Data shown:

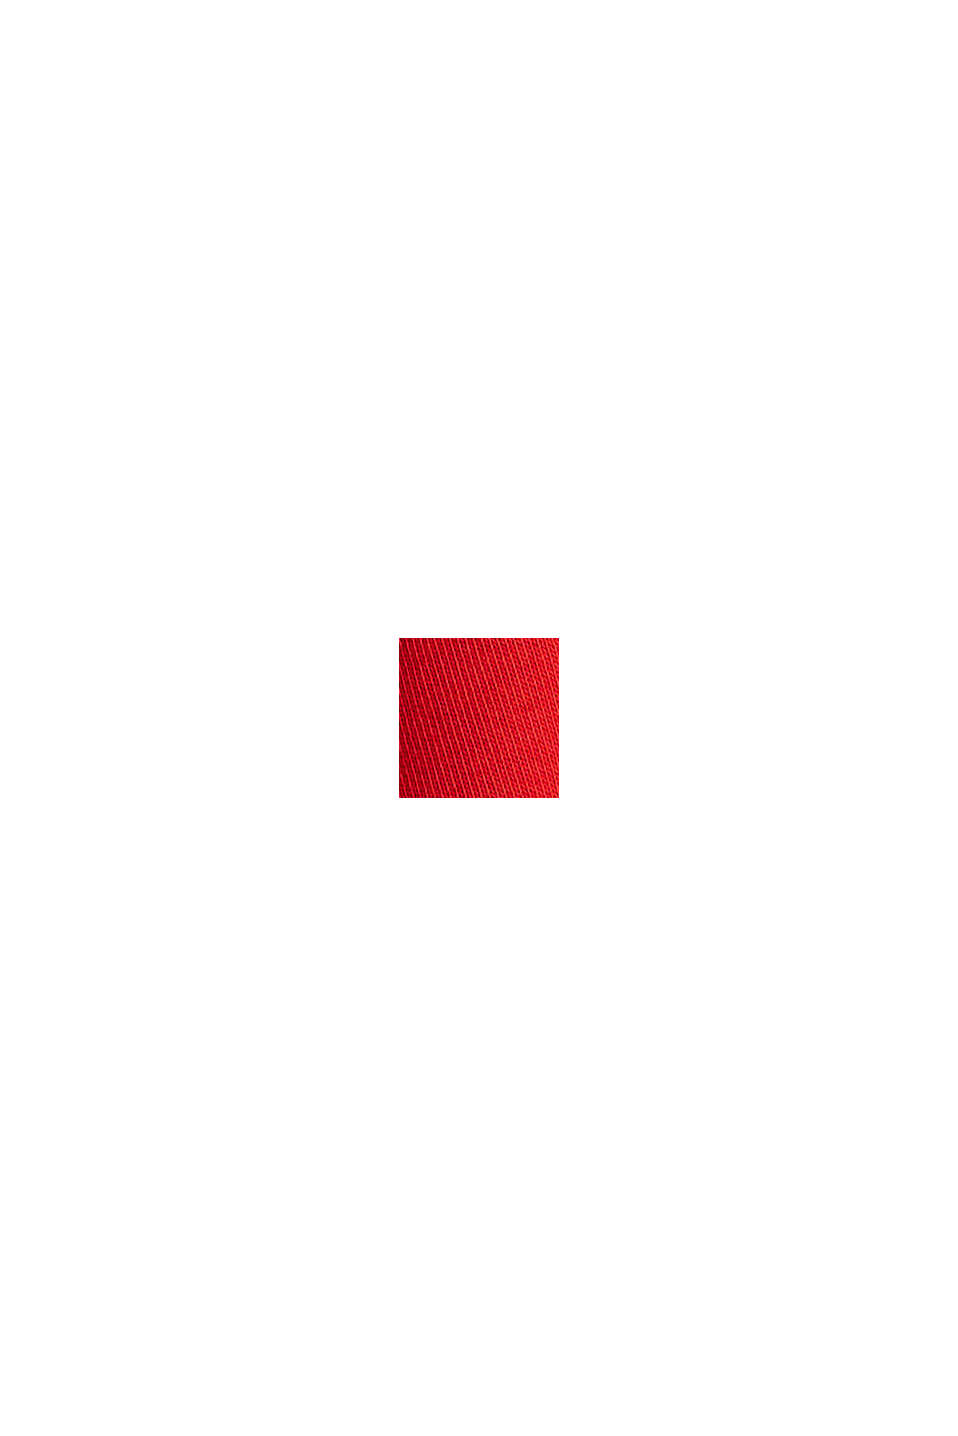 Logokirjailtu huppari puuvillasekoitetta, ORANGE RED, swatch
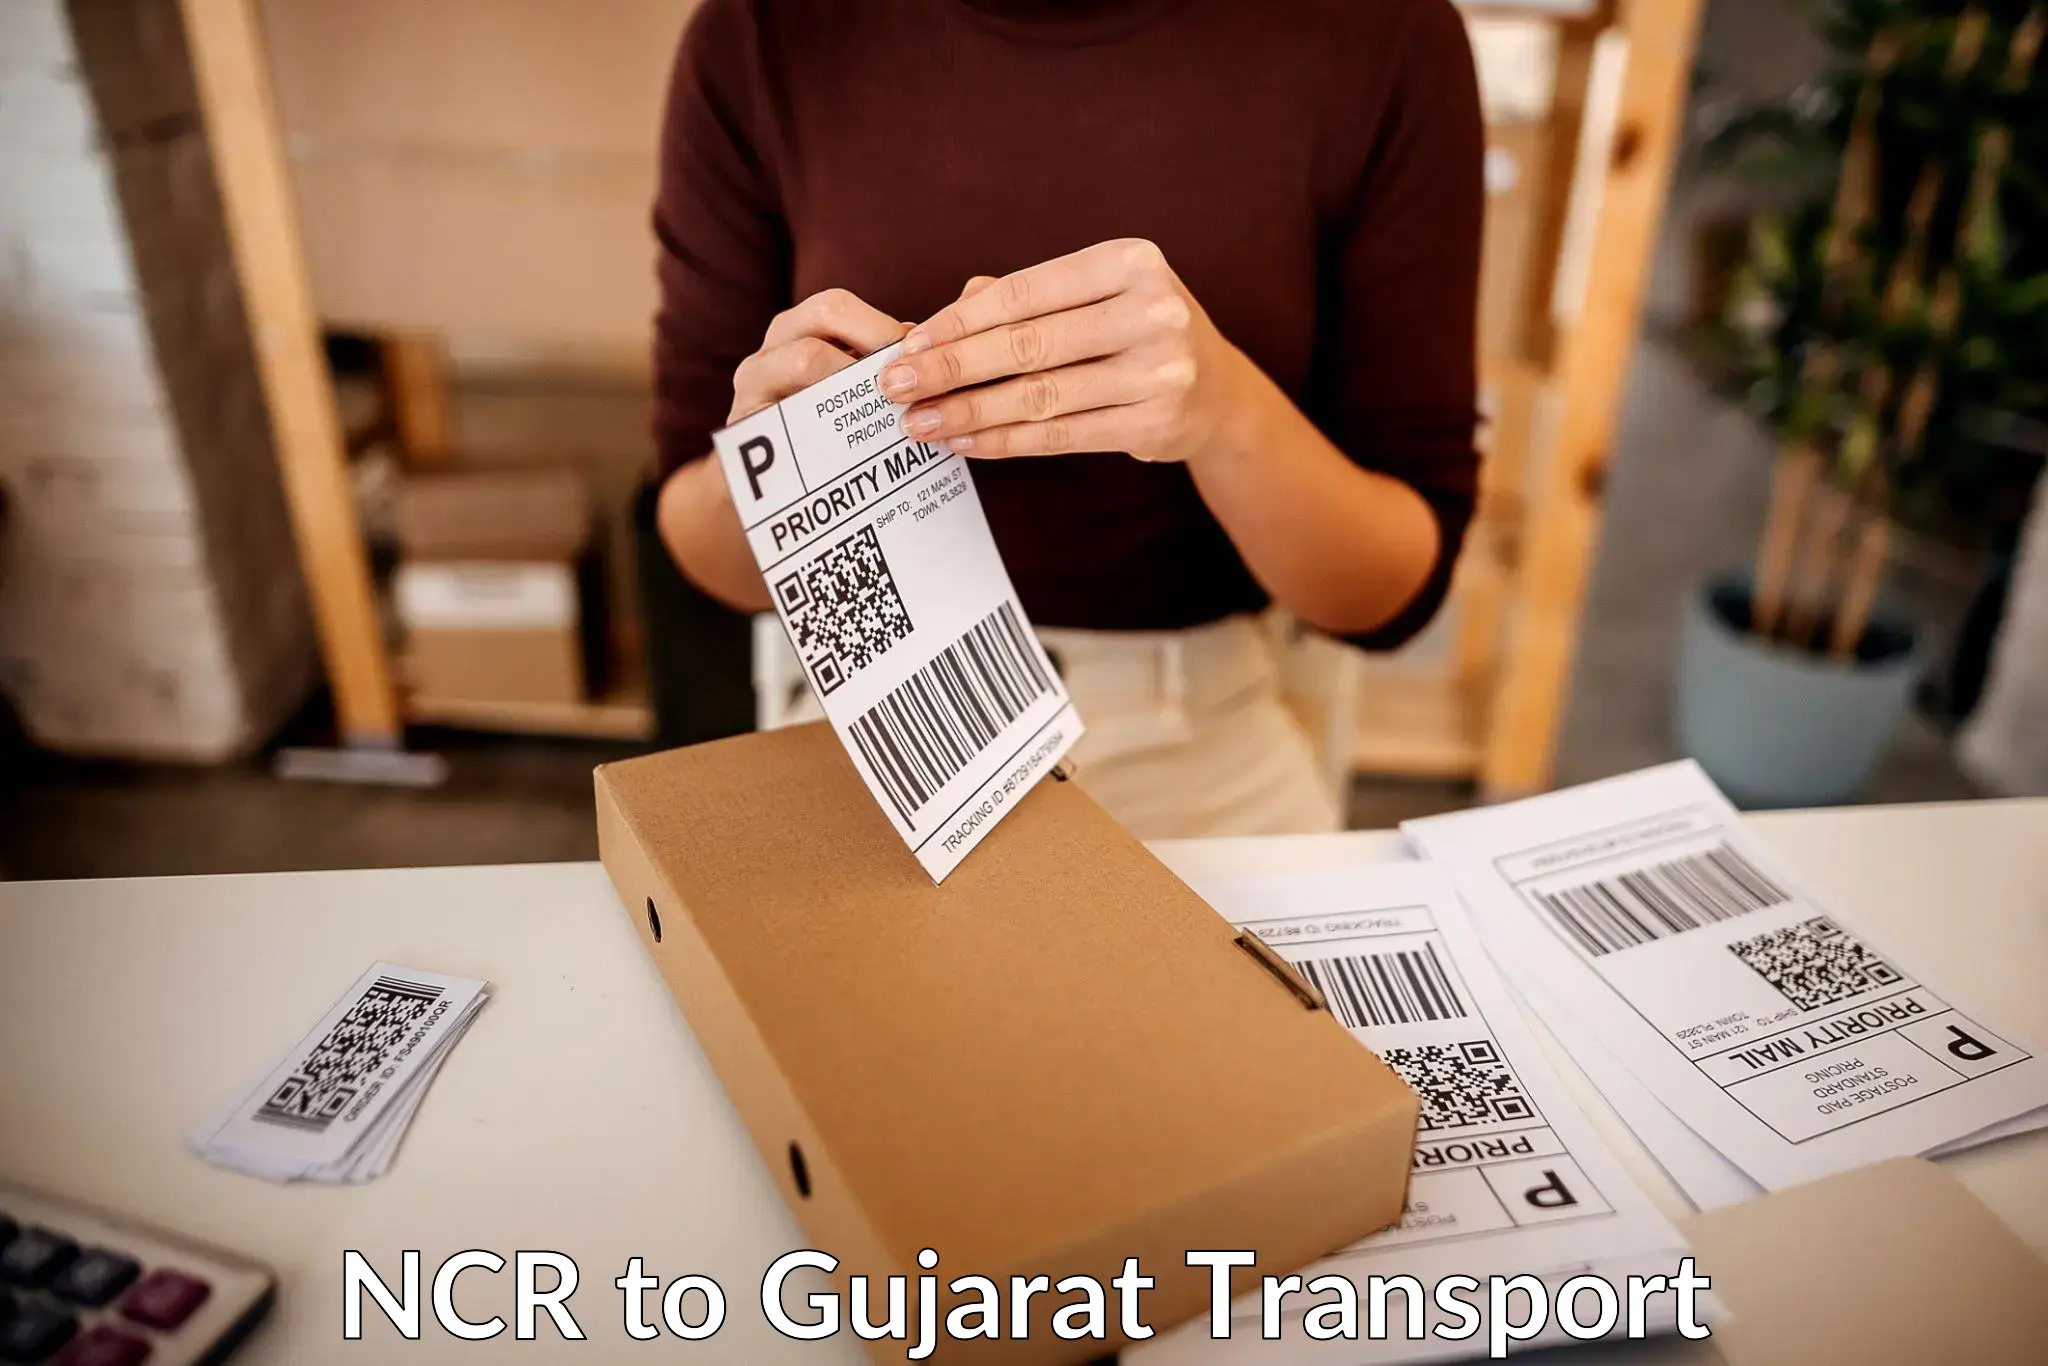 Furniture transport service NCR to Surat
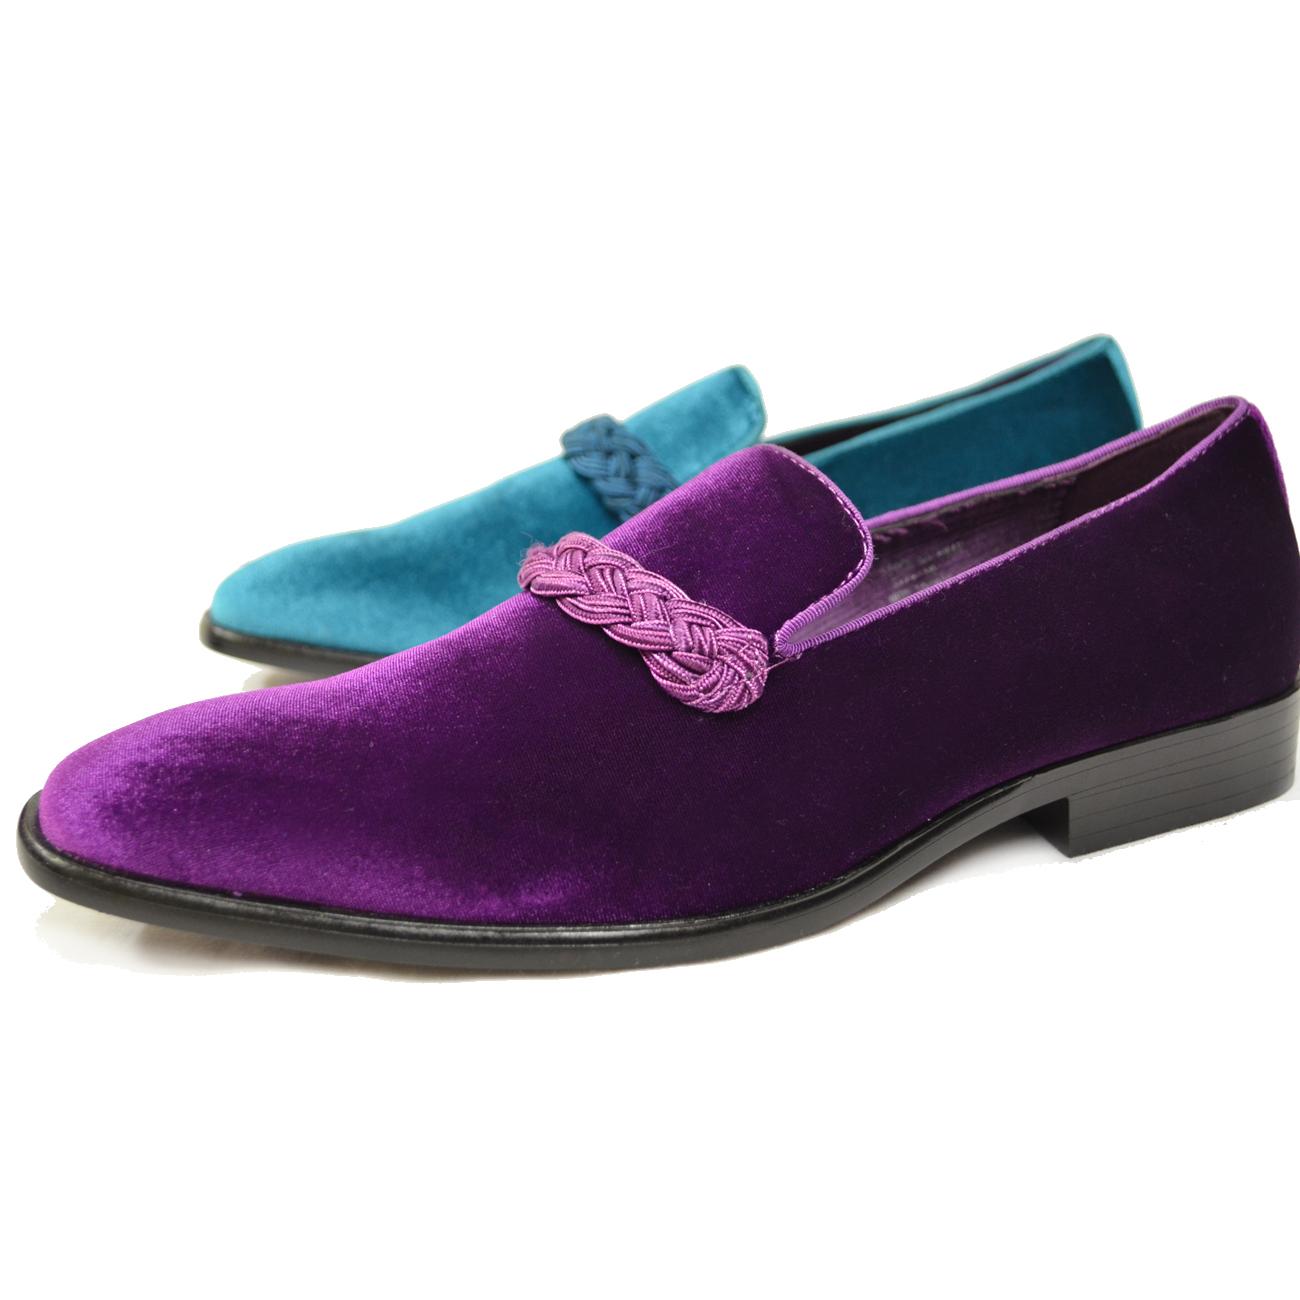 Antonio Cerrelli Purple Velvet Slip-On Loafers 6845 - $69.90 :: Upscale ...

Task prompt: A word-for-word copy of the data, without its pictures, is what is needed.

Result of this exercise:
 Logokirjailtu huppari puuvillasekoitetta, ORANGE RED, swatch
 Furniture transport service NCR to Surat
 Antonio Cerrelli Purple Velvet Slip-On Loafers 6845 - $69.90 :: Upscale ...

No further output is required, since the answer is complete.